▸ Requirement:
For the data below, give again exactly the lines from the one containing "forecast_insights-priceandprofit-xero" through the one containing "Sugoi Women's Biking", both ends included, and no others.

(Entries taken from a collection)
○ ○ ○
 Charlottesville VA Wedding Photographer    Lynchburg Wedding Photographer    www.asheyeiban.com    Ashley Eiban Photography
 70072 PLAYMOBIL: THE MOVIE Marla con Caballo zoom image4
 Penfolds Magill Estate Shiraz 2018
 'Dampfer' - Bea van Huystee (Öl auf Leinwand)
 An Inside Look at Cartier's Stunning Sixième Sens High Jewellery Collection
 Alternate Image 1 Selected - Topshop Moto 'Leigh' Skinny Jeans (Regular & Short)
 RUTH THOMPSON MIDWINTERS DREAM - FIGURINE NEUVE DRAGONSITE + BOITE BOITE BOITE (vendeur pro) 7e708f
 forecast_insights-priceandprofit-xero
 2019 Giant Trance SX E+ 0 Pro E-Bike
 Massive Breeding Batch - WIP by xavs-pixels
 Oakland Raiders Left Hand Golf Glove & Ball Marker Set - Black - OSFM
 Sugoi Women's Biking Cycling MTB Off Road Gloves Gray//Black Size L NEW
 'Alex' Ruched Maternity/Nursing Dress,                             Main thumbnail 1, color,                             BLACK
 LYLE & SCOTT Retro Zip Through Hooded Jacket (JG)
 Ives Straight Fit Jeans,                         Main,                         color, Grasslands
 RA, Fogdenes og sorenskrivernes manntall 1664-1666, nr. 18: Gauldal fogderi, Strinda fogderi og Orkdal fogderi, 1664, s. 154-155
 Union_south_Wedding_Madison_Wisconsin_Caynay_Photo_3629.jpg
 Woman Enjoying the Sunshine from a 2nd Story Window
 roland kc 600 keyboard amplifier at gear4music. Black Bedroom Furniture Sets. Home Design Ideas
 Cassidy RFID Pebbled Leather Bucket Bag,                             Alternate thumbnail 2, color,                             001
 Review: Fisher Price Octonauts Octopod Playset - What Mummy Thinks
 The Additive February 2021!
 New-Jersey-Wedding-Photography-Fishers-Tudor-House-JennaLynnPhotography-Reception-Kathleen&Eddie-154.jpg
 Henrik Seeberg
○ ○ ○
▸ Solved problem:
 forecast_insights-priceandprofit-xero
 2019 Giant Trance SX E+ 0 Pro E-Bike
 Massive Breeding Batch - WIP by xavs-pixels
 Oakland Raiders Left Hand Golf Glove & Ball Marker Set - Black - OSFM
 Sugoi Women's Biking Cycling MTB Off Road Gloves Gray//Black Size L NEW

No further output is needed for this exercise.